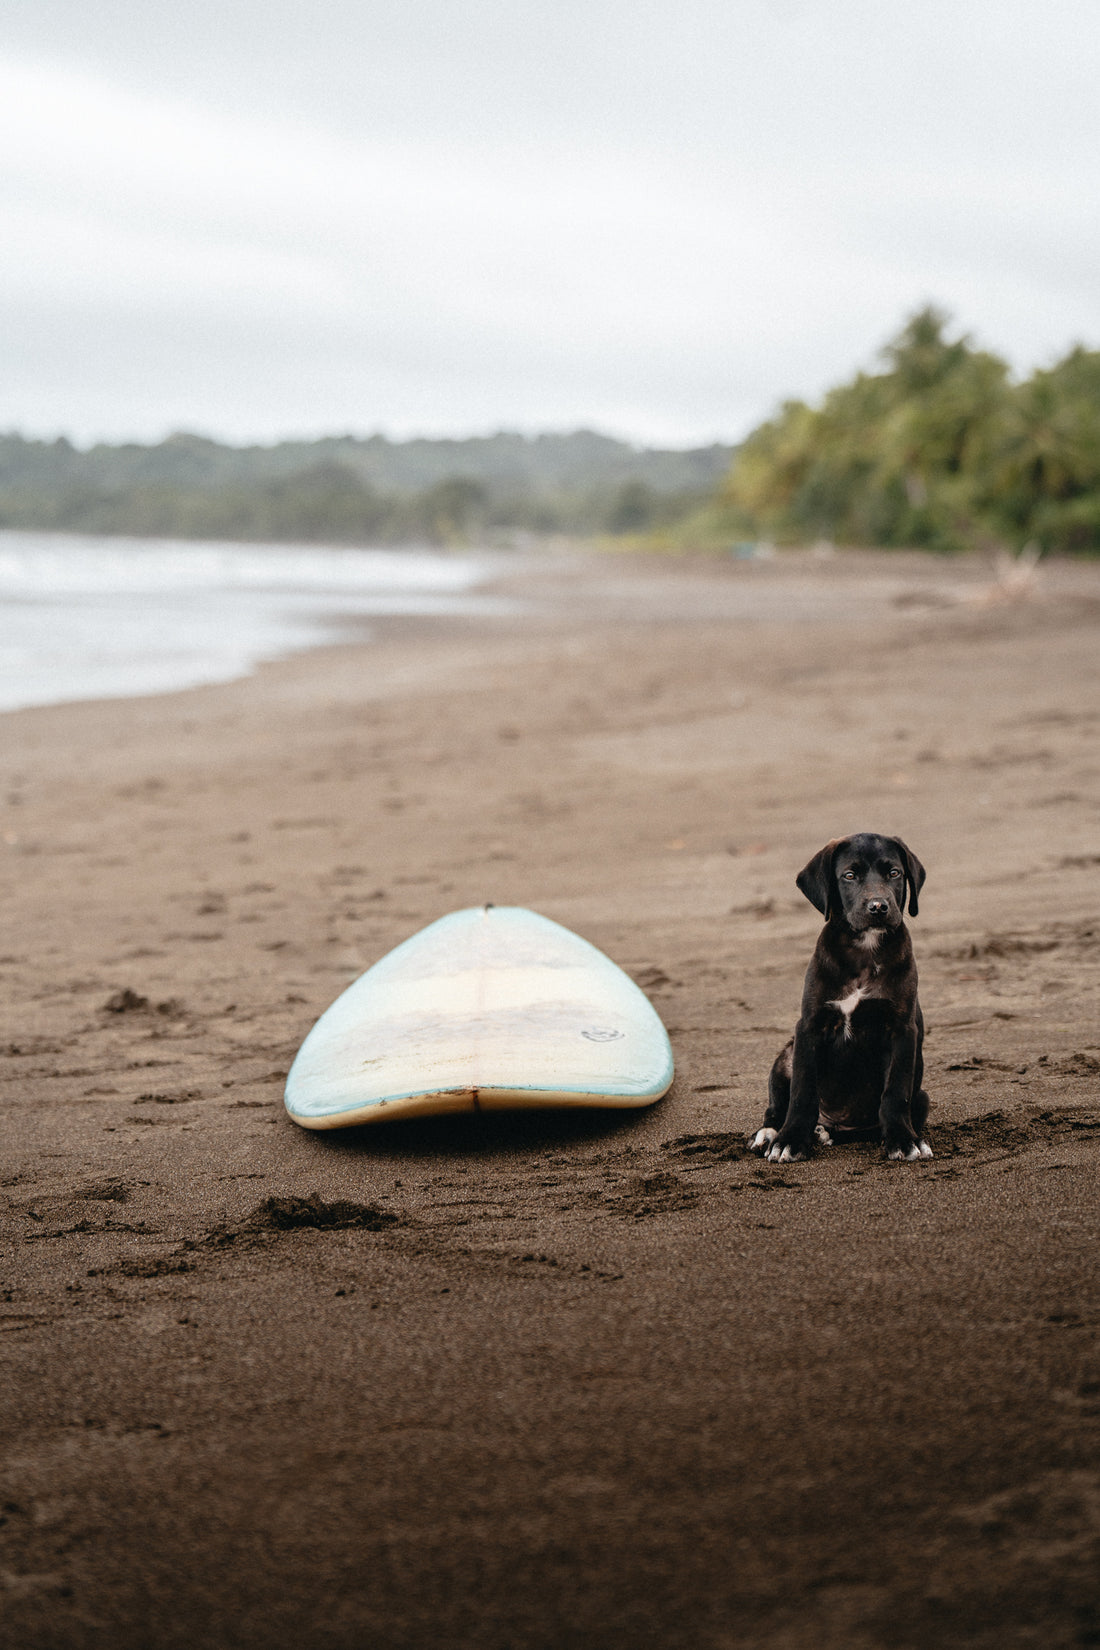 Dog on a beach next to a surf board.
^^^^^^^^
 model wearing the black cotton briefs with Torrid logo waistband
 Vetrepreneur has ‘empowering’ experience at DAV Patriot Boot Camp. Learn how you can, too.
^^^^^^^^
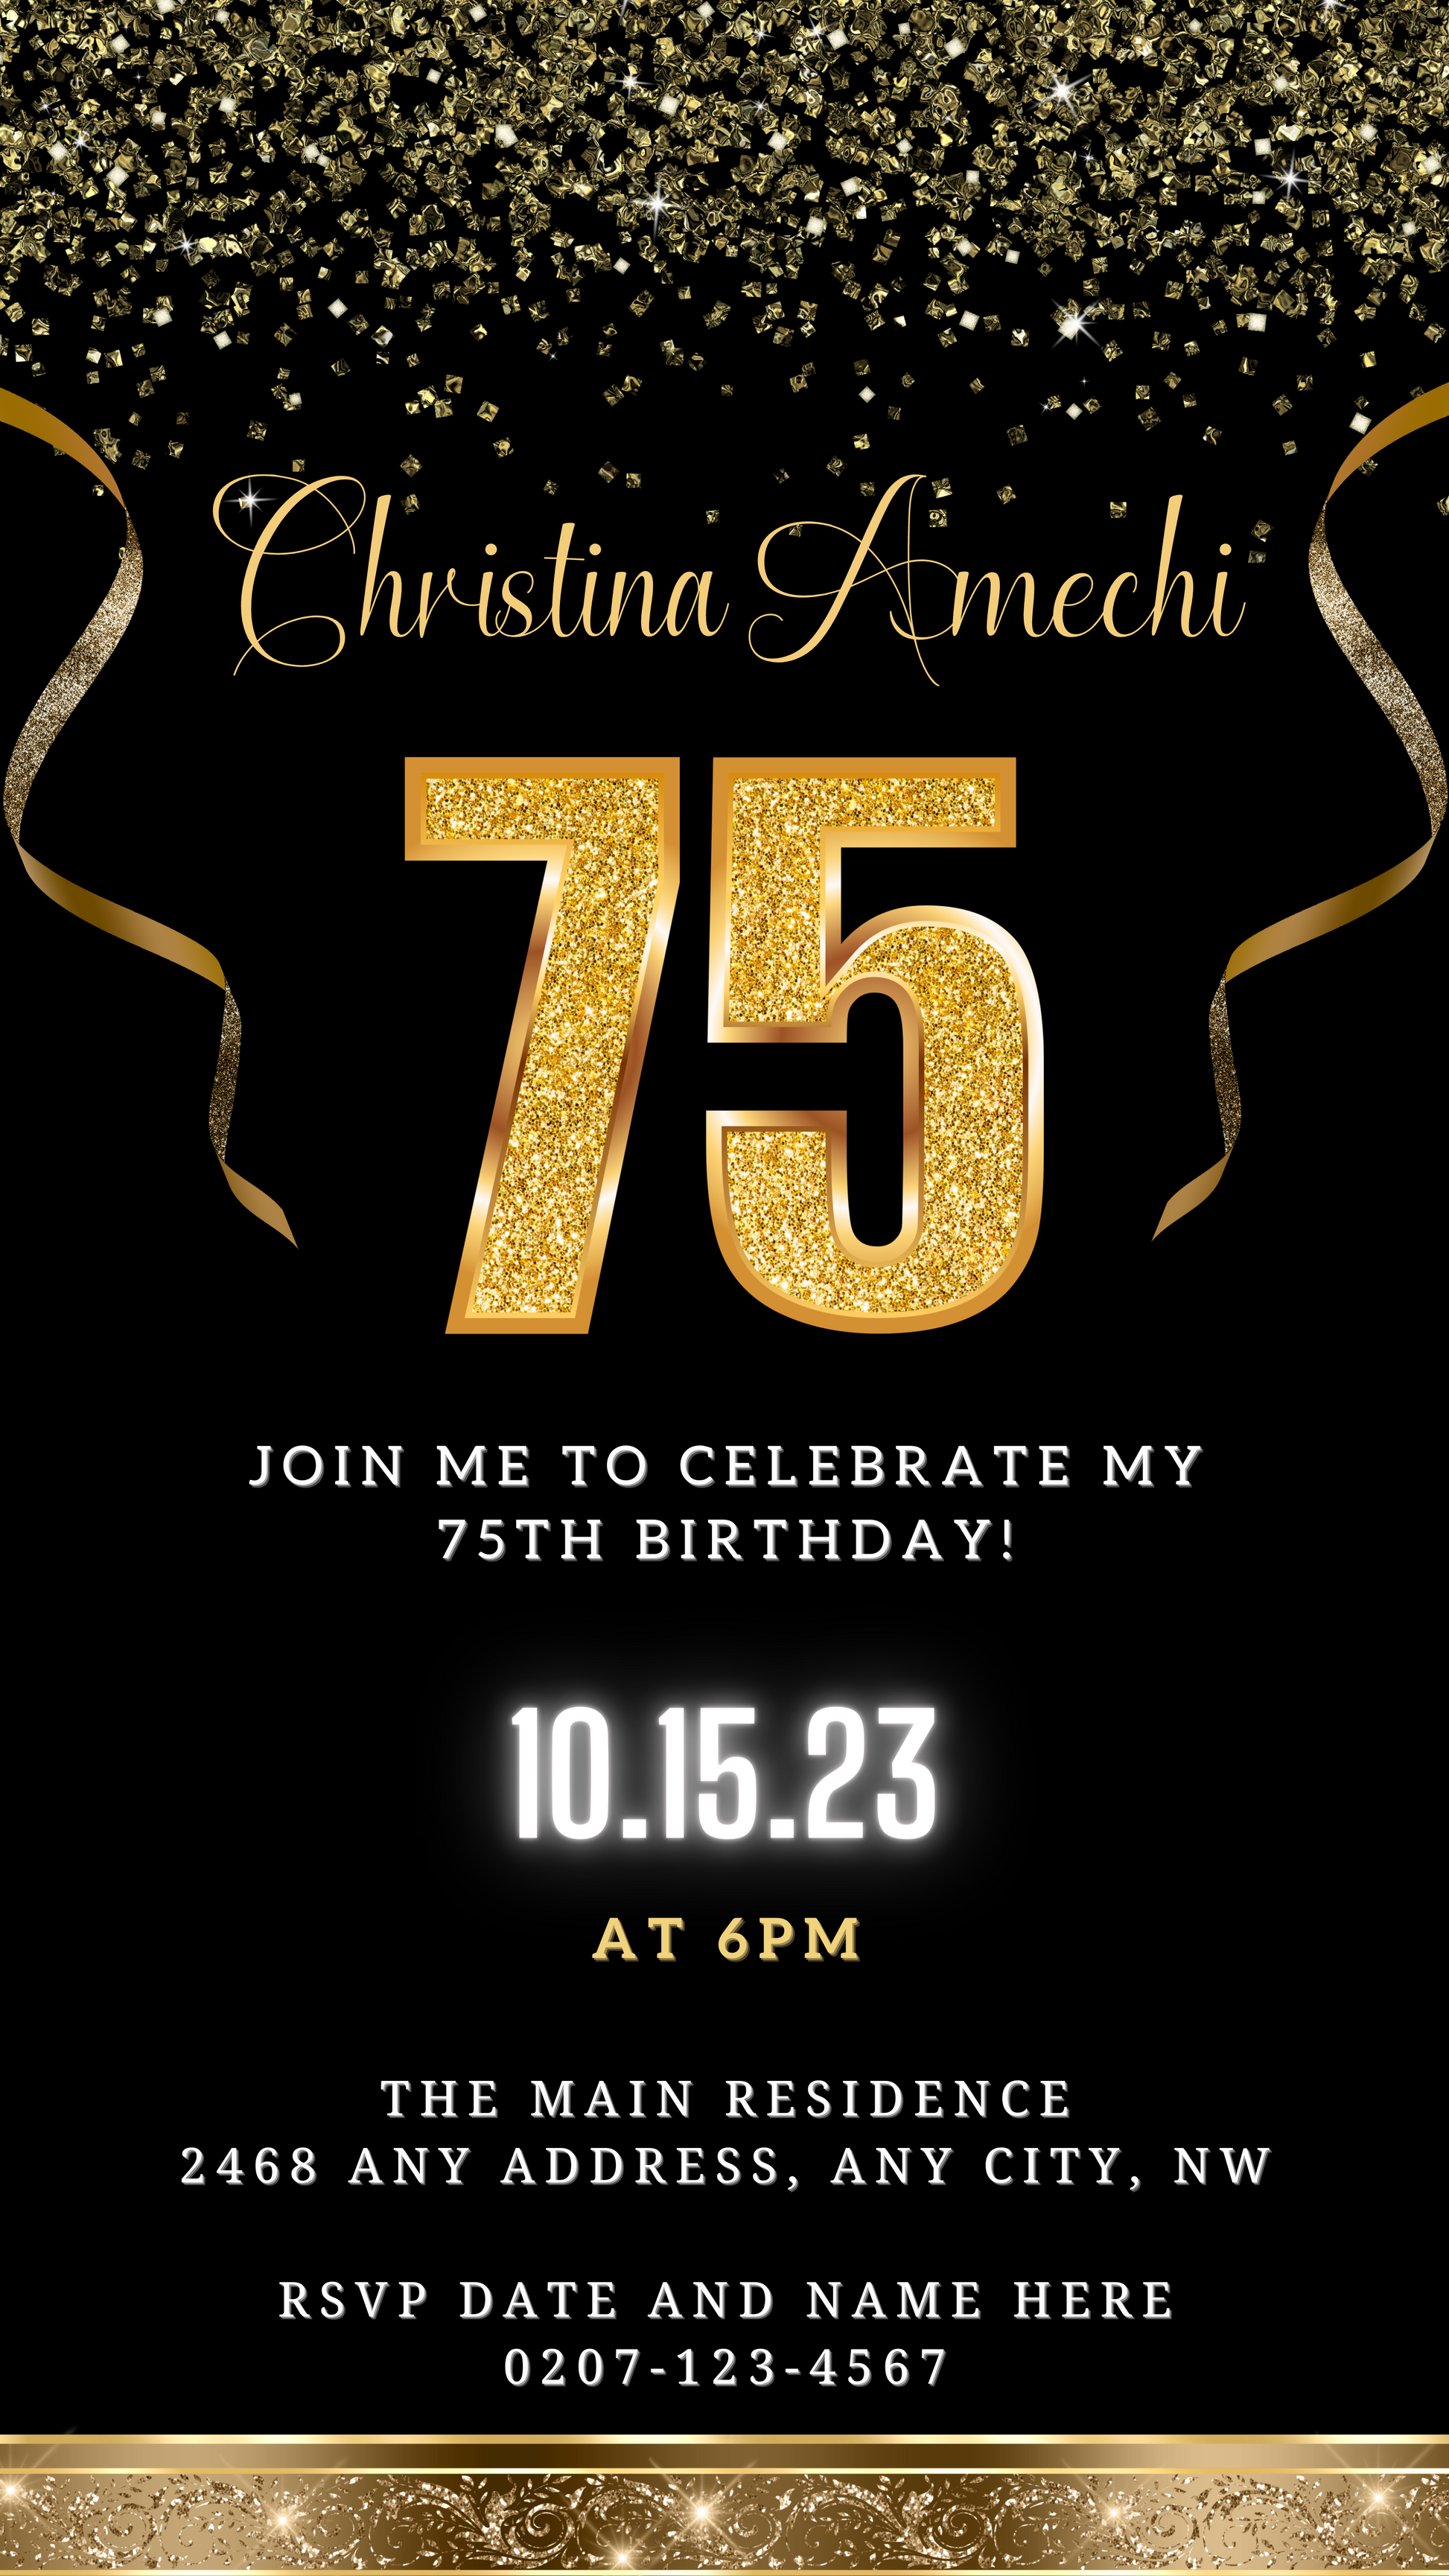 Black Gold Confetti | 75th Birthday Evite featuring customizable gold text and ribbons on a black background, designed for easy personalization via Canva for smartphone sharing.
^^^^^^^^
Would you please copy exactly the part of the entries above that begins at the line containing "model wearing the" and ends at the line containing "Vetrepreneur has ‘empowering’", both lines included?

**Exercise result:**
 model wearing the black cotton briefs with Torrid logo waistband
 Vetrepreneur has ‘empowering’ experience at DAV Patriot Boot Camp. Learn how you can, too.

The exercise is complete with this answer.